Michael Chiklis:       We were great believers in “pace, pace, pace, pace and then land,” so that you earn those moments where you land. And we weren’t afraid to let long moments go by of silence, of just living. I worked on the show for seven years and I remember from the character’s perspective, letting all of these memories flood through my head, and the way they affected me. In all honesty I did not realize, like in the second to last episode during the interrogation –
The pause before he confesses.
Michael Chiklis:       I did not know that that was that long. I didn’t realize that that was some 40 seconds or something. I didn’t know. It seemed like nothing in terms of time. I was just in the middle of it. You know what I mean. So I also felt tremendous gratitude to be able to do that kind of work.

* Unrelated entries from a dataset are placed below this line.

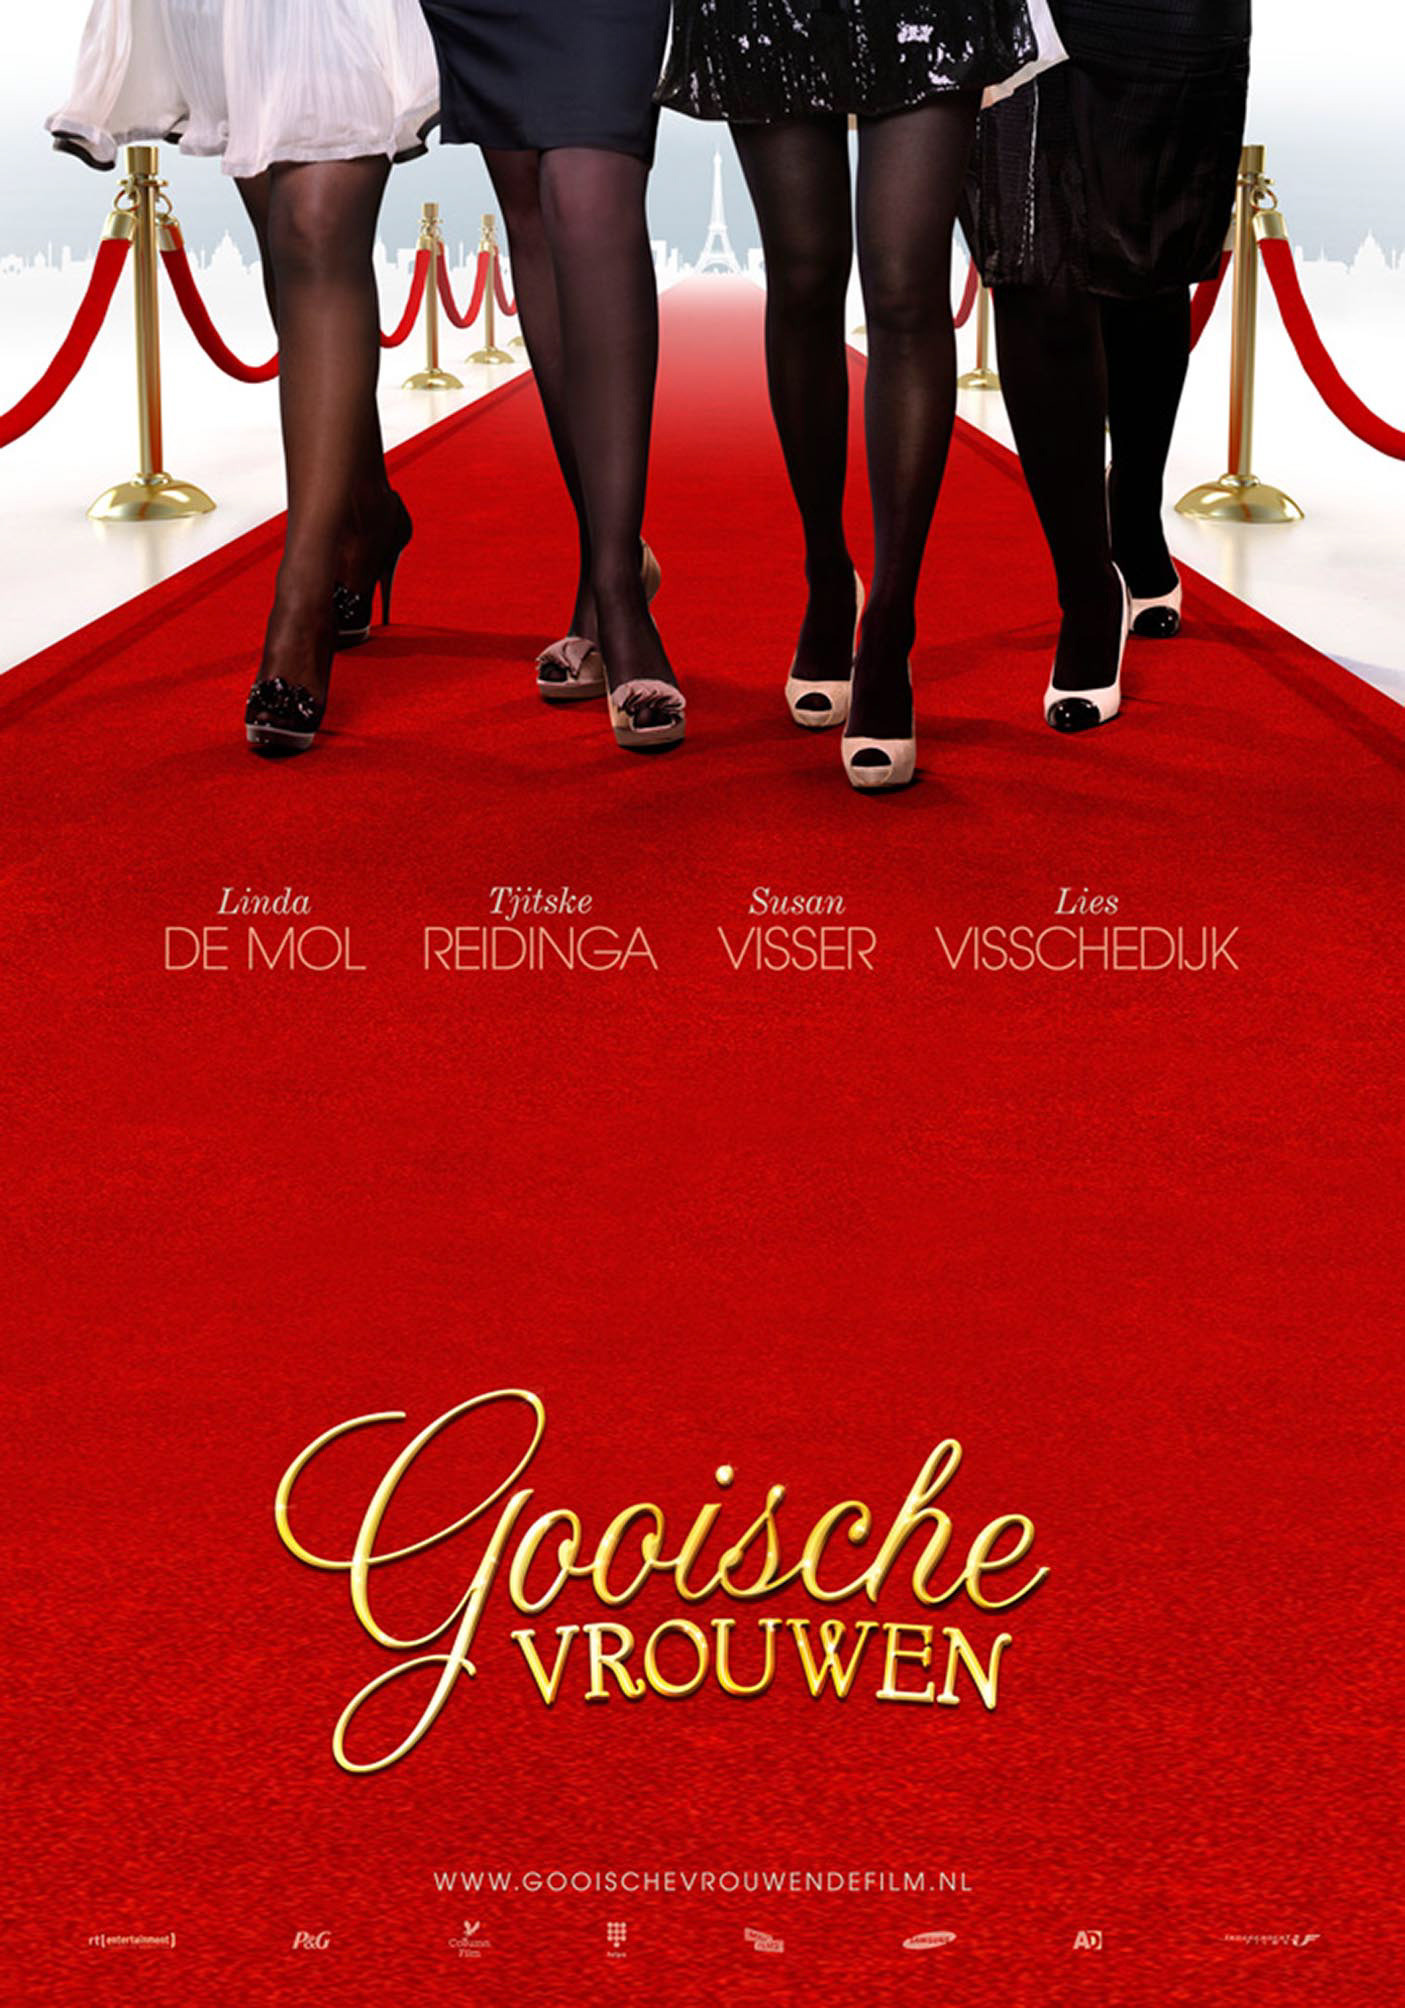 Mega Sized Movie Poster Image for Gooische vrouwen (#1 of 3)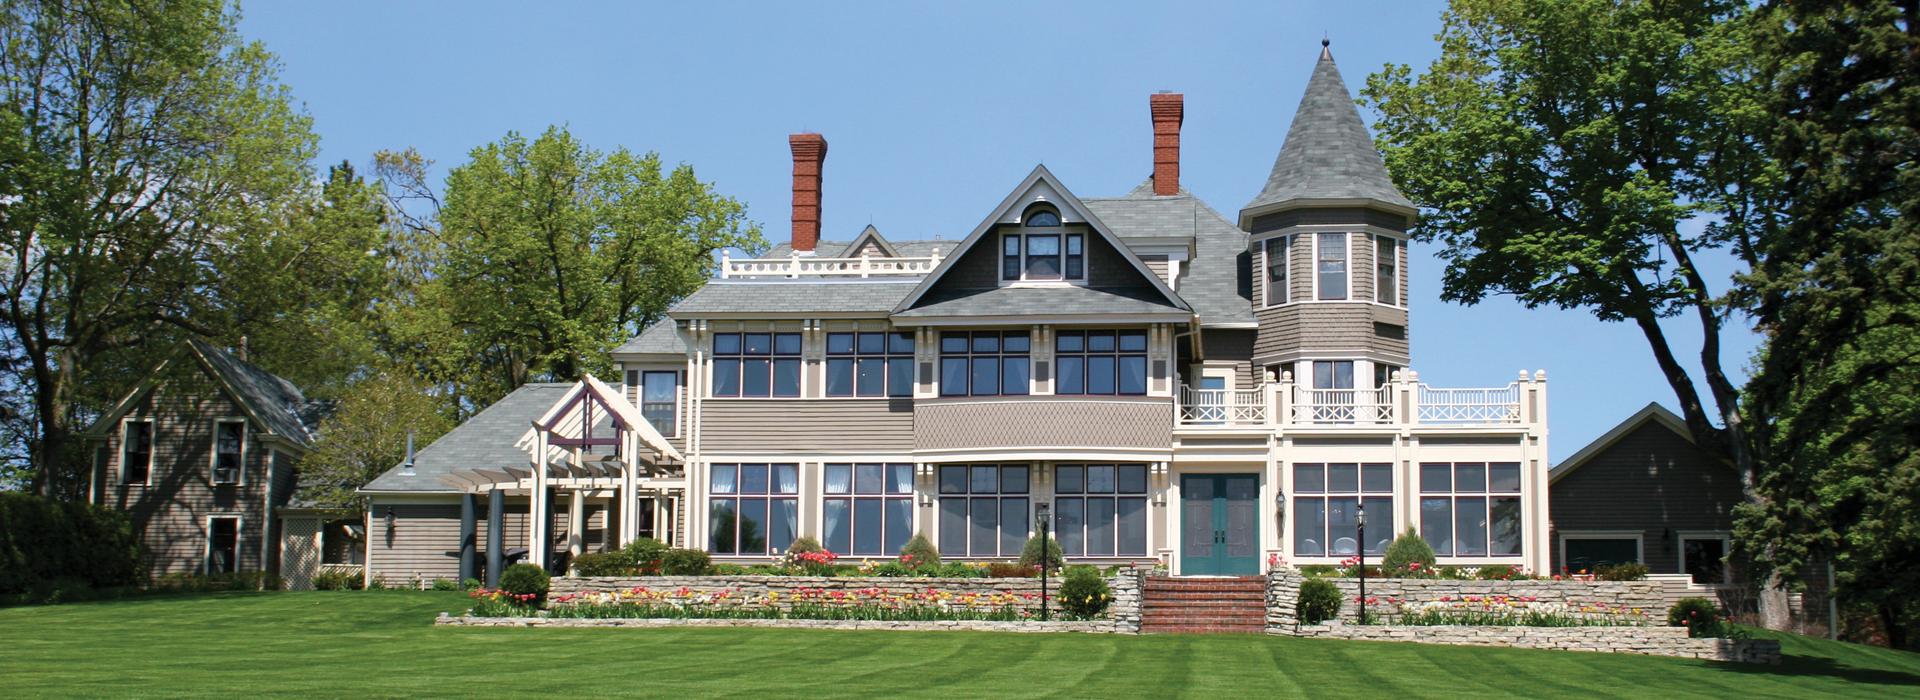 Colonial home with grey exterior, large windows, and manicured lawn with flowers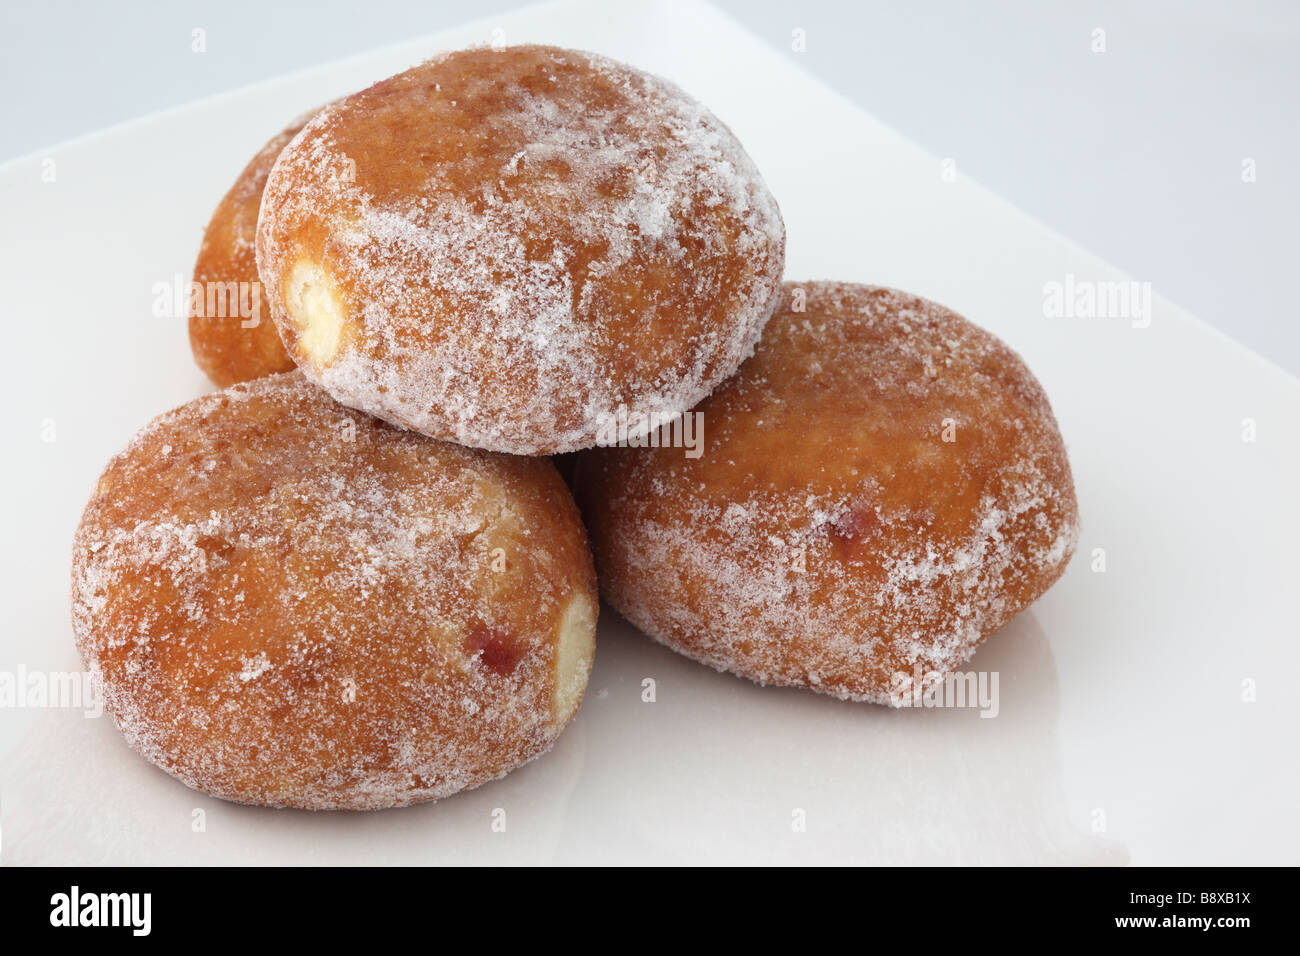 Close up of four fresh sugared jam doughnuts against a white background Stock Photo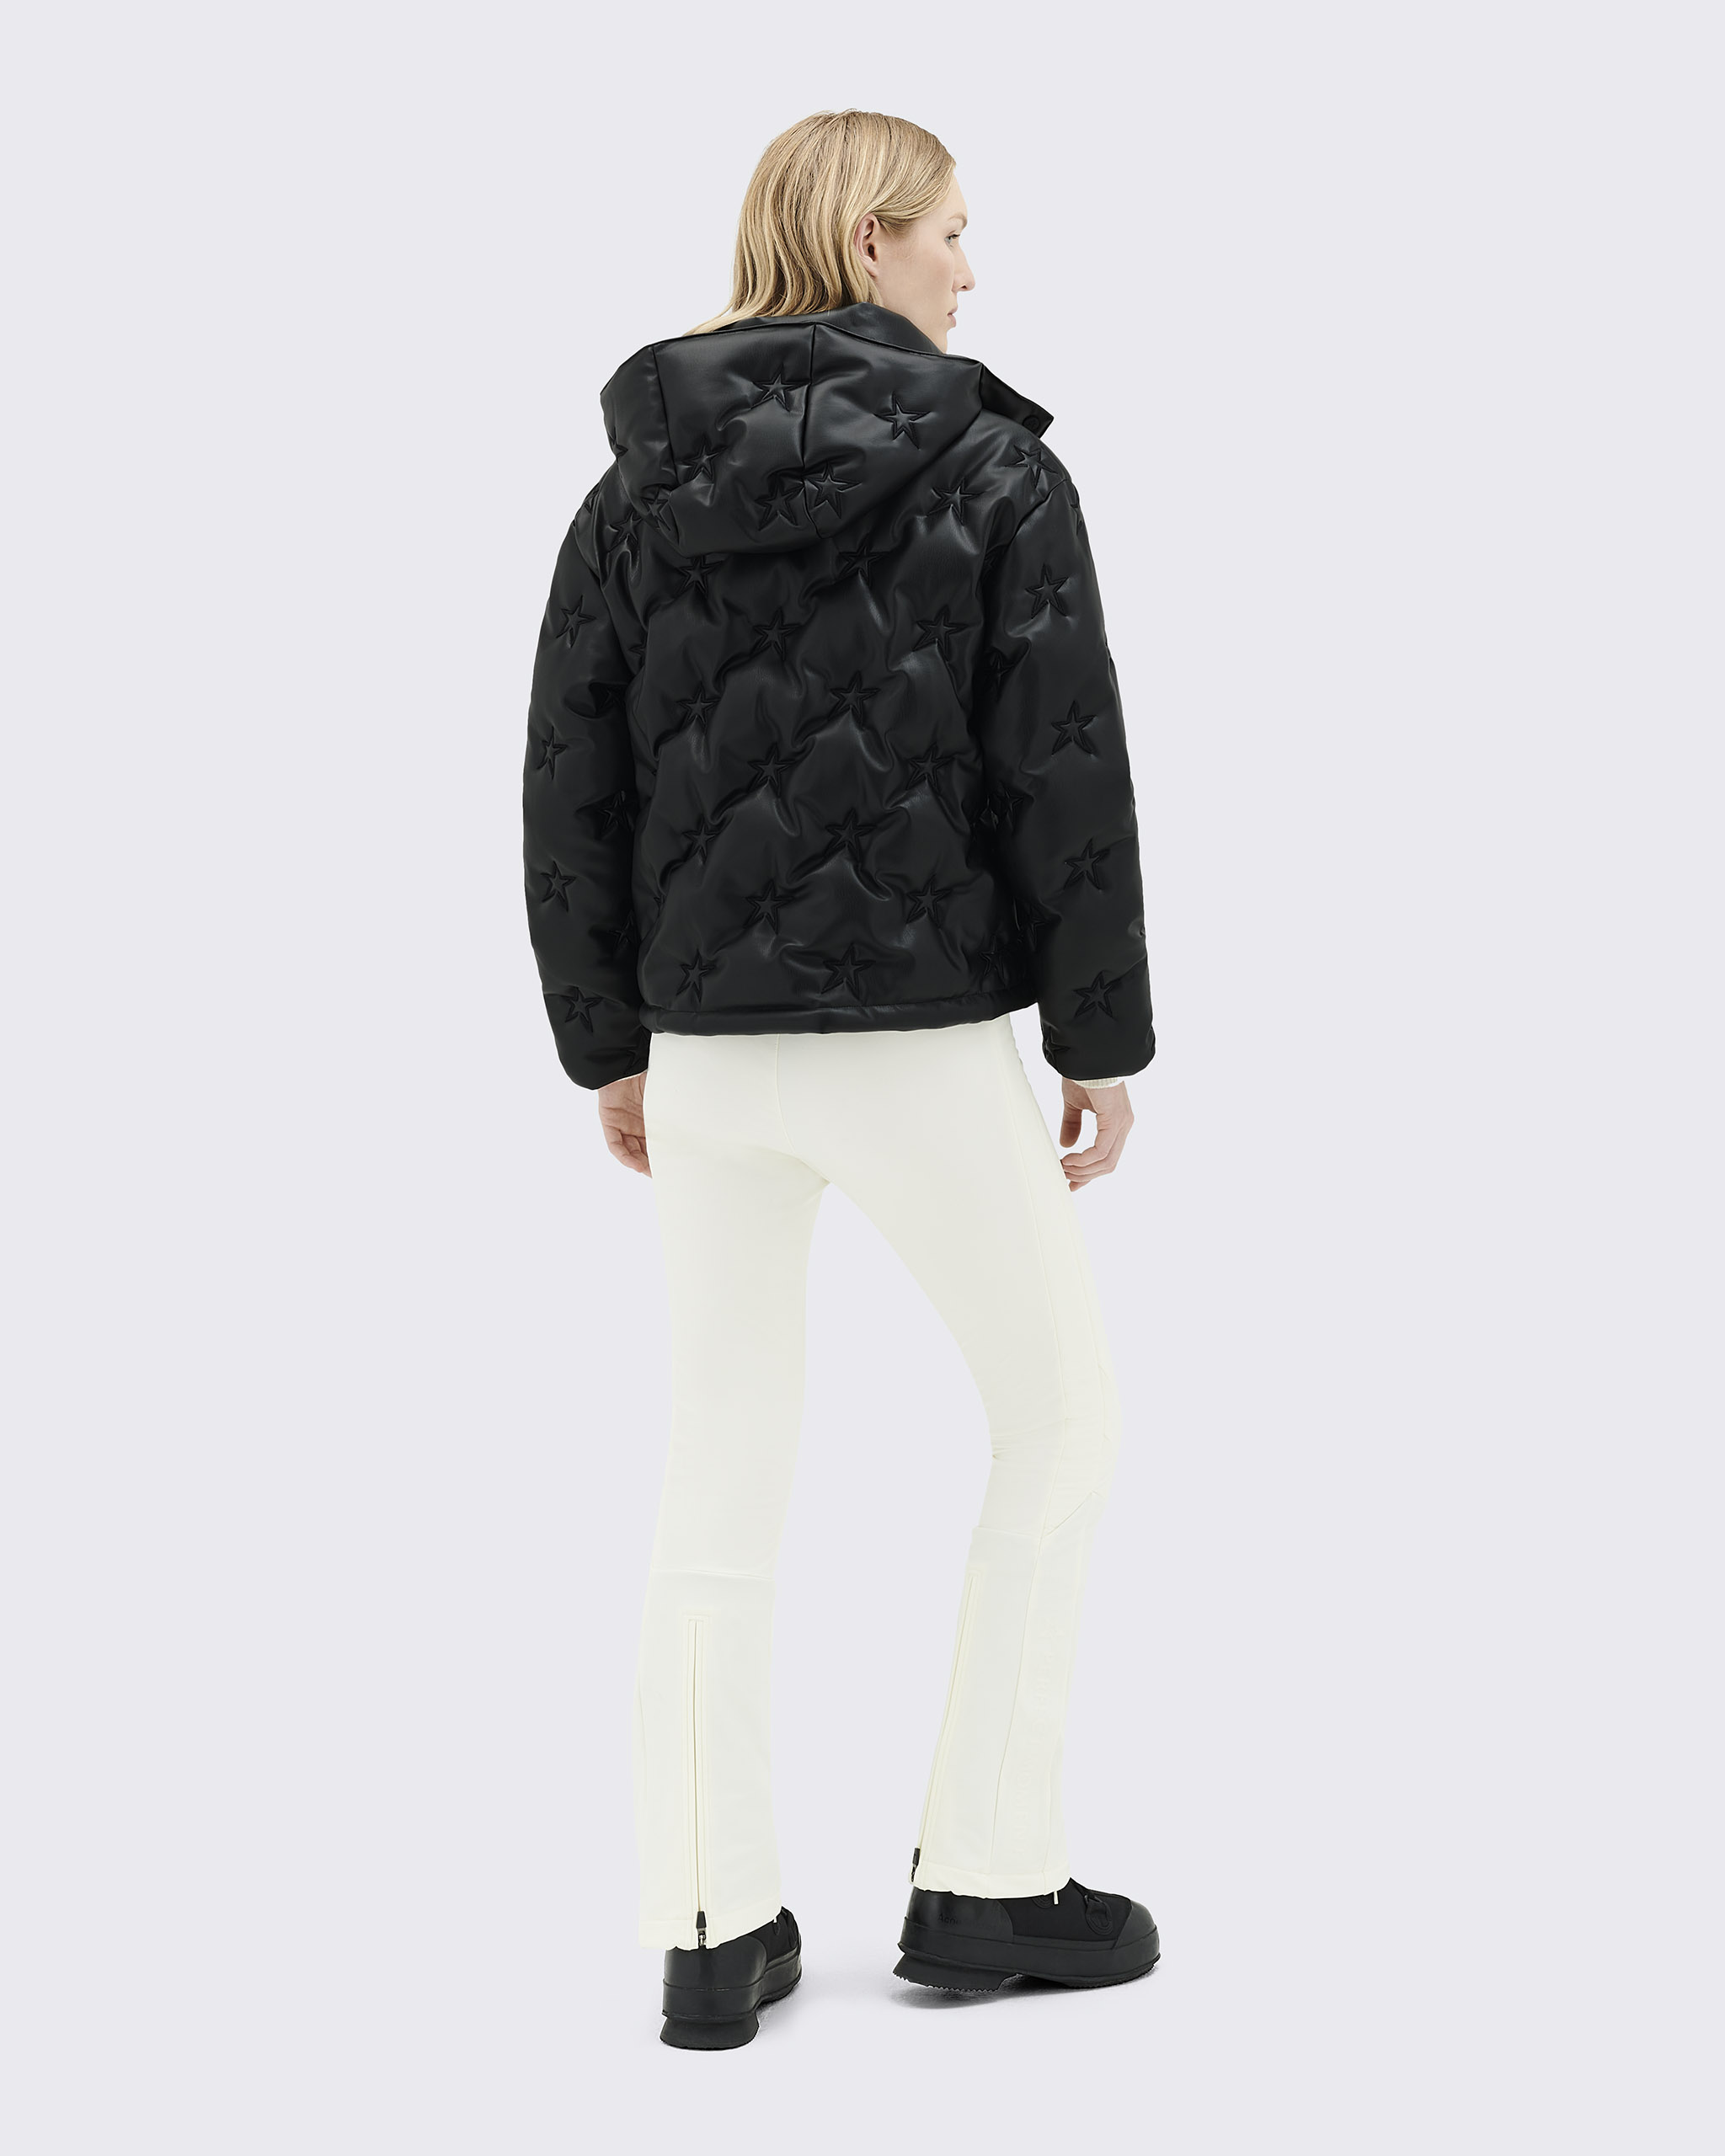 Perfect Moment Taos Faux Leather Down Jacket in Black

I think a little earlier this year we reached the three year anniversary of the finale, which would be when Vic’s contract with ICE would have been up and people started on Twitter asking, “What is Vic up to?” Is that something you ever think about?
 
Michael Chiklis:       Yeah, t’s the single most asked question in my life: “When are we going to see Vic? What’s the deal? is there a possibility of a movie?” And look, I wanted to shut everybody up. I want to just tell them it’s not in my control. We’ve discussed a movie. There are a lot of factors that go into it. I don’t know that it will ever happen. If it were the right set of circumstances I would love to play Vic Mackey again, but right now Shawn is embroiled in a new series and I’m embroiled in this new series and this comes from a lot of different challenges. The one thing about doing a show on cable is you have the freedom and the latitude to do things that you can’t do on network television, but I believe that there is a way of making great network television that’s powerful and has the ability to tell great stories, and this gentleman has great stories.